The London Penetration Depth

In 1935, F. and H. London modified an essential equation of electrodynamics (i.e. Ohm's Law) in such a way as to obtain the Meissner effect, without altering Maxwell's equations themselves. In doing so, they incorporated the two-fluid model of Gorter and Casimir [12]. The two-fluid model separates the electron system into a superconducting component with an electron density n_s, and a normal component with an electron density n_n. They assumed the total electron density $n_{\circ}=n_{s}+n_{n}$behaved such that $n_{s} \rightarrow n_{\circ}$ as $T \rightarrow 0$, and $n_{n} = n_{\circ}$ when T > T_c. Emerging from their phenomenological model is the so-called London penetration depth $\lambda_{L}$ [13]:

$$\frac{1}{\lambda_{L}^{2}} =\frac{4\pi e^{2}n_{s}}{m^{*}c^{2}}$$ (1)

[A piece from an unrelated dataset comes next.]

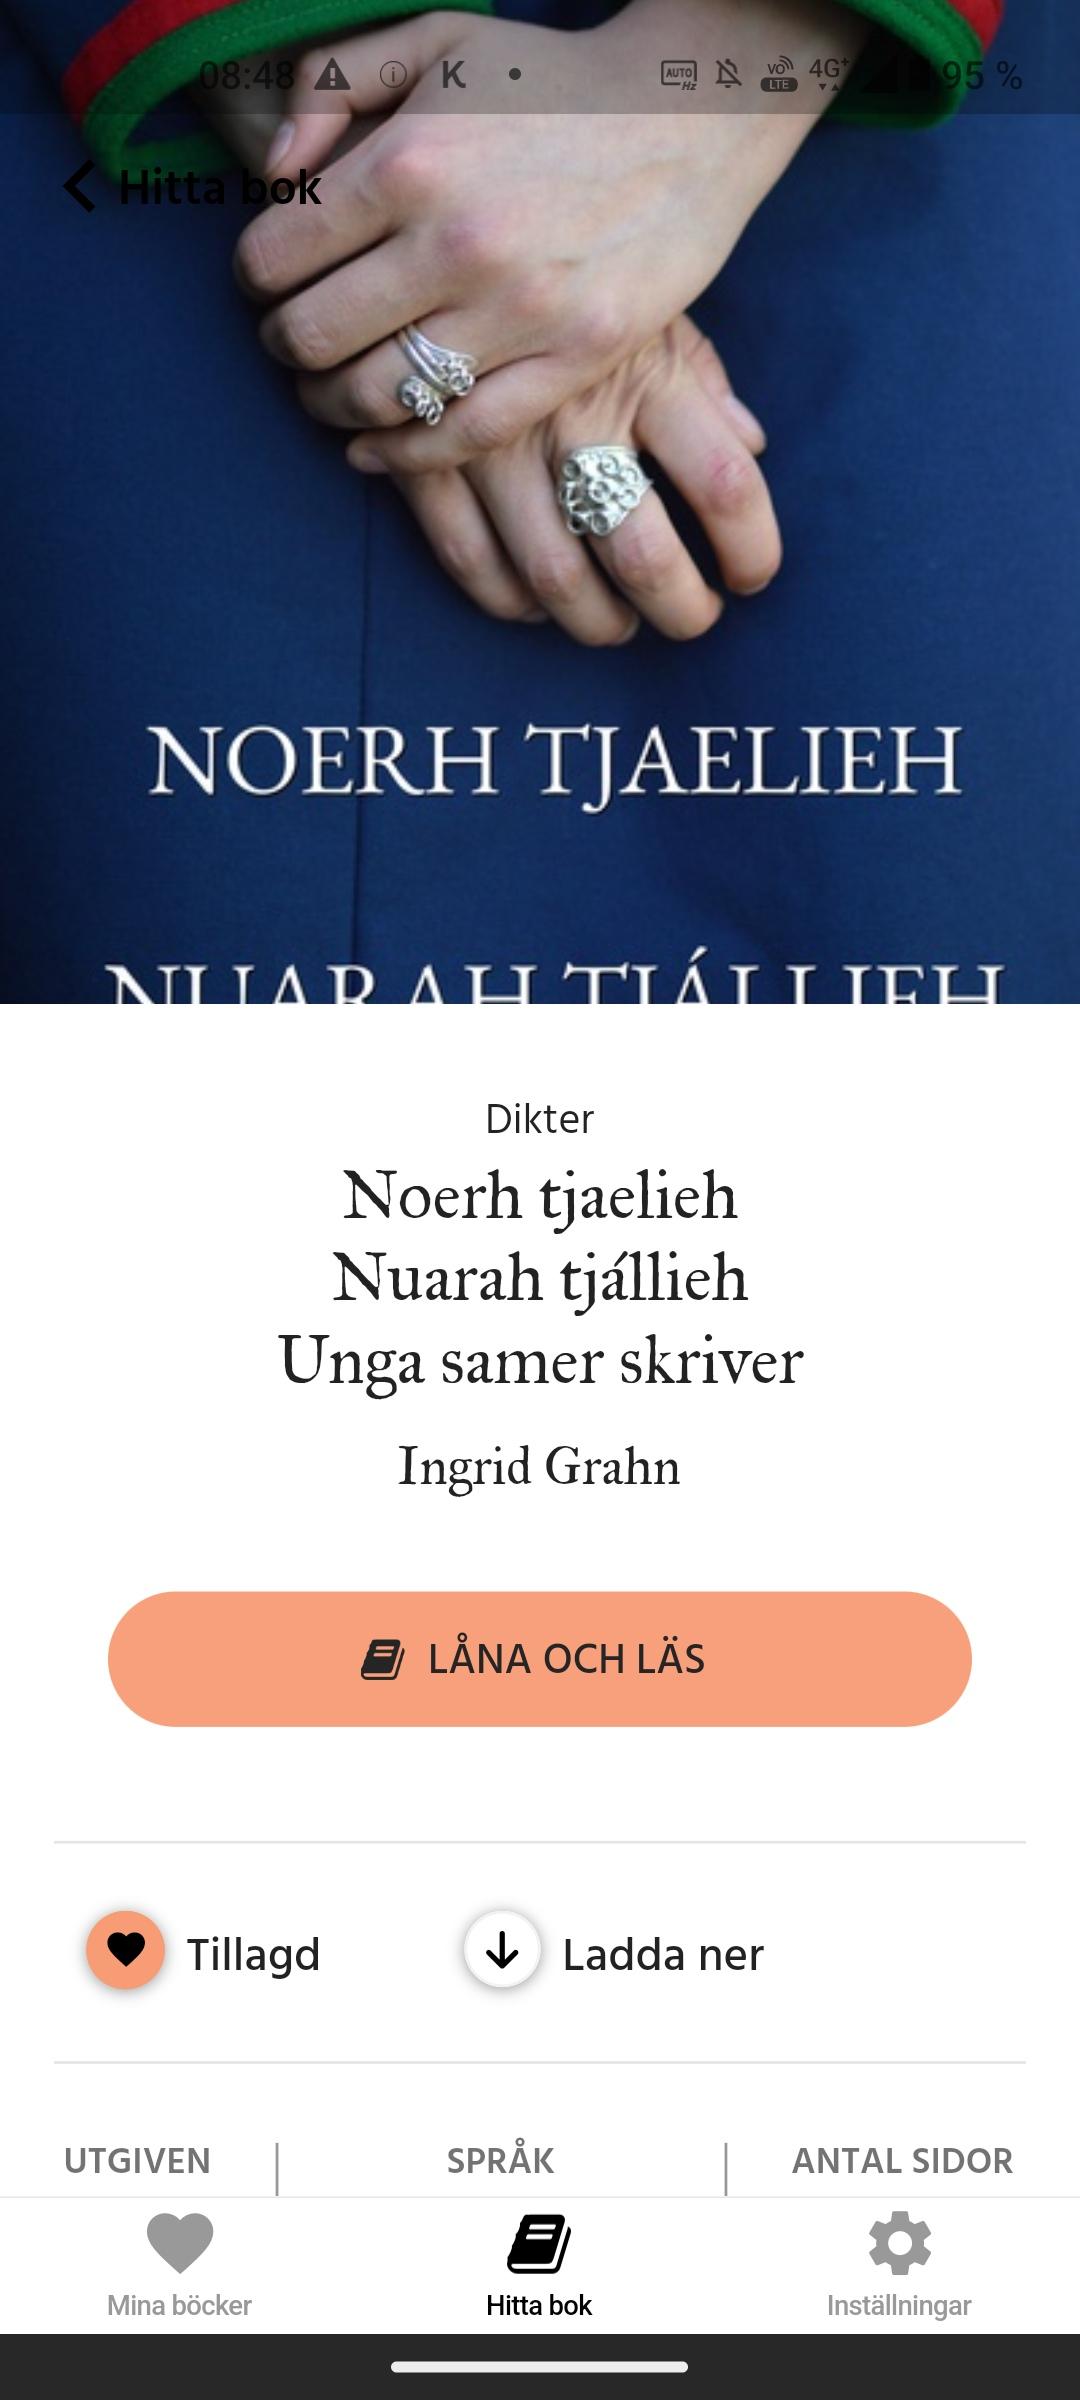 En vy från appen Bläddra med ett bokomslag och en knapp där det står "Låna och läs".
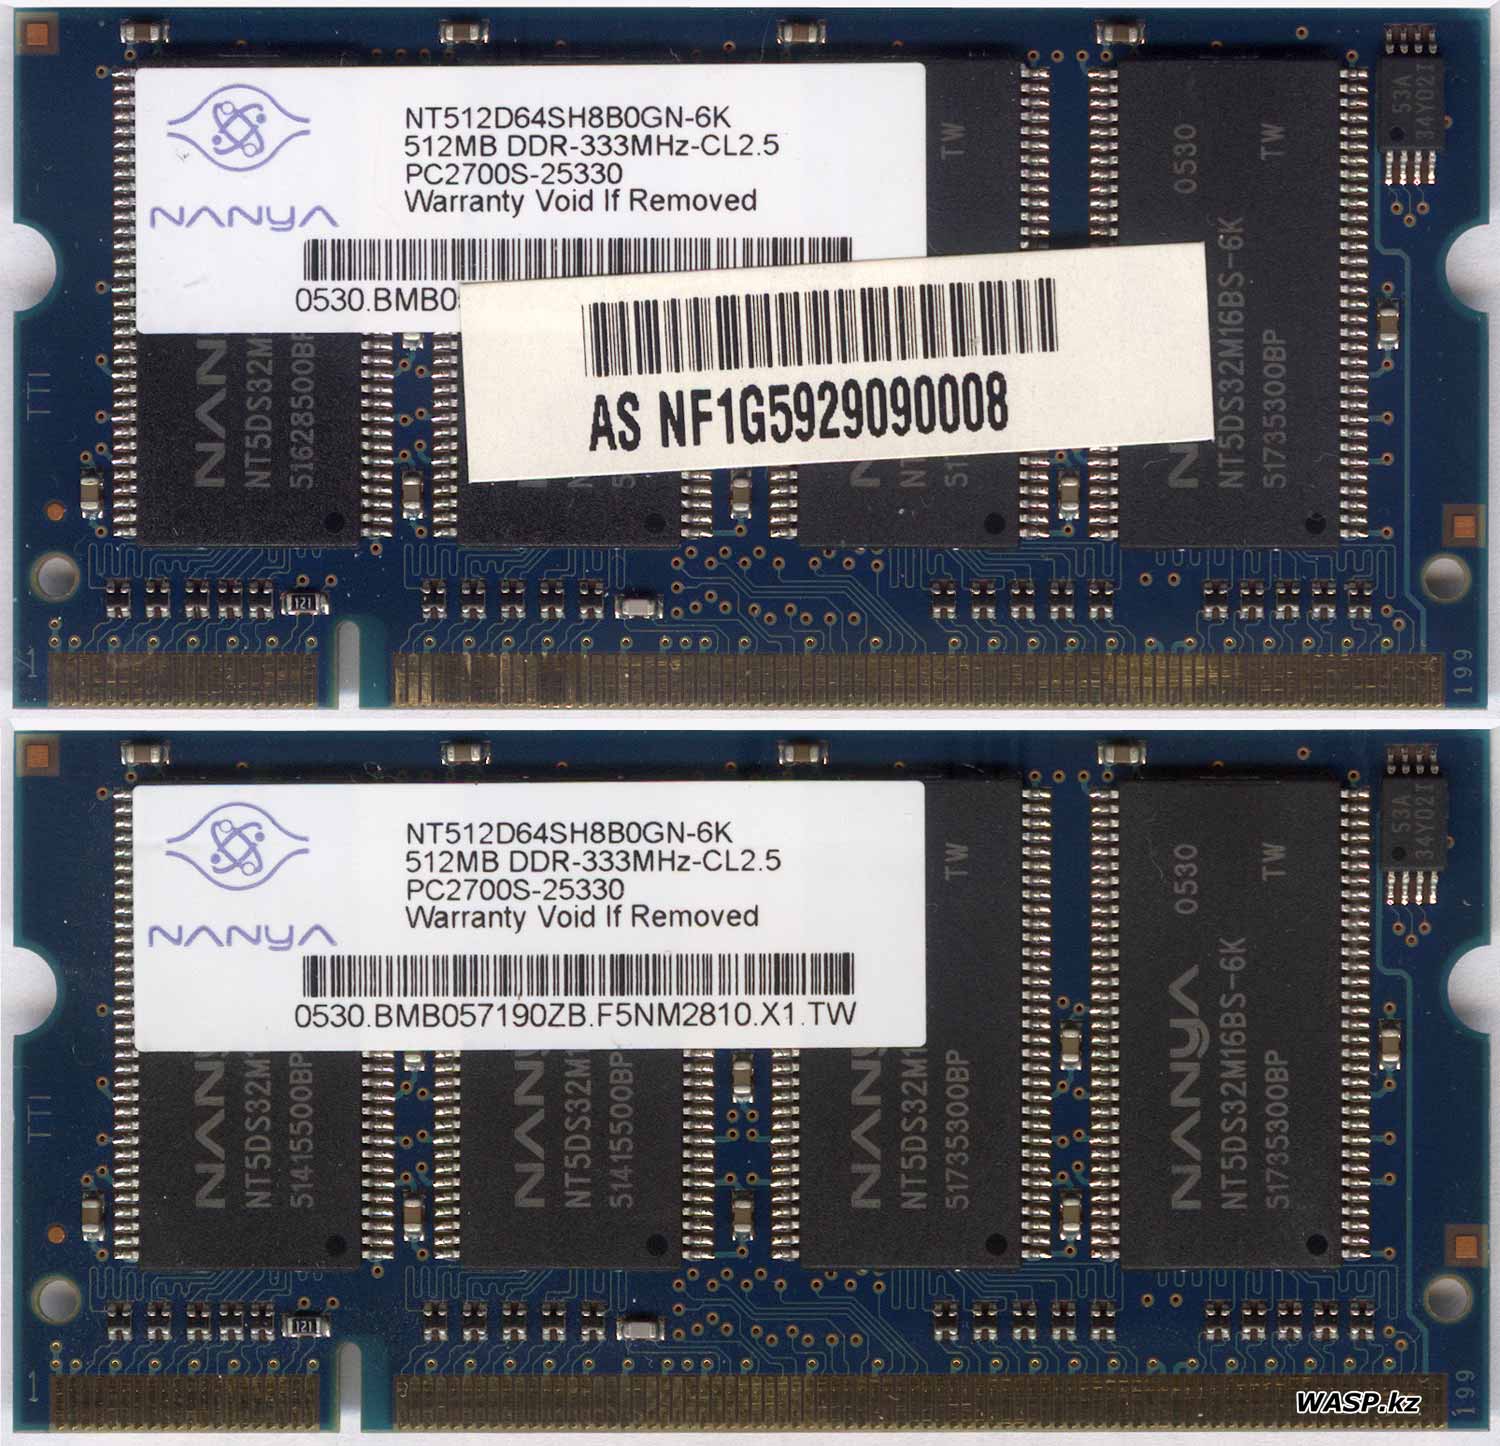 Nanya NT512D64SH8B0GN-6K память SO-DIMM тип DDR

where m^* is the effective mass of the superconducting carriers, and n_s is the superconductor carrier density. Pure-elemental metals and low concentration alloys (eg. dilute SnIn alloy system [14]), where $m^{*}\approx m_{e}$ (free electron mass), tend to be type-I. Generally speaking, $\lambda_{L}$ is short and the Fermi velocity of the superconducting carriers v_F is high in these materials [15].

The physical significance of $\lambda_{L}$ pertains to the failure of the Meissner effect to occur abruptly at the surface of a superconductor; rather the magnetic field penetrates slightly into the bulk of the superconducting material on a length scale given by $\lambda_{L}$. Consider a semi-infinite superconductor with the boundary between normal and superconducting regions at x=0. In the presence of an external magnetic field applied perpendicular to the surface, London theory predicts that the magnetic flux decays exponentially into the bulk of the superconductor according to [13,16]:

$$\vec{B}(x) =\vec{B}(0)e^{-x/\lambda_{L}}$$ (2)

where $\vec{B}$(0) is the magnetic field at the surface of the superconductor, and x is the distance into the superconductor from the surface (see Fig. 2.2). The expulsion of the magnetic field is accomplished by shielding currents (or supercurrents) which flow at the surface of the superconductor without any Ohmic losses. These supercurrents form a finite sheath which is spread out to a thickness $\lambda_{L}$into the sample. Such a distribution of current is much more energetically favourable than an infinitely thin sheath of current [13]. The supercurrent density $\vec{J}_{s}$ is related to the local magnetic flux density $\vec{B}$ by Ampére's Law:

$$\vec{\nabla} \times \vec{B} = \mu_{\circ} \vec{J}_{s}$$ (3)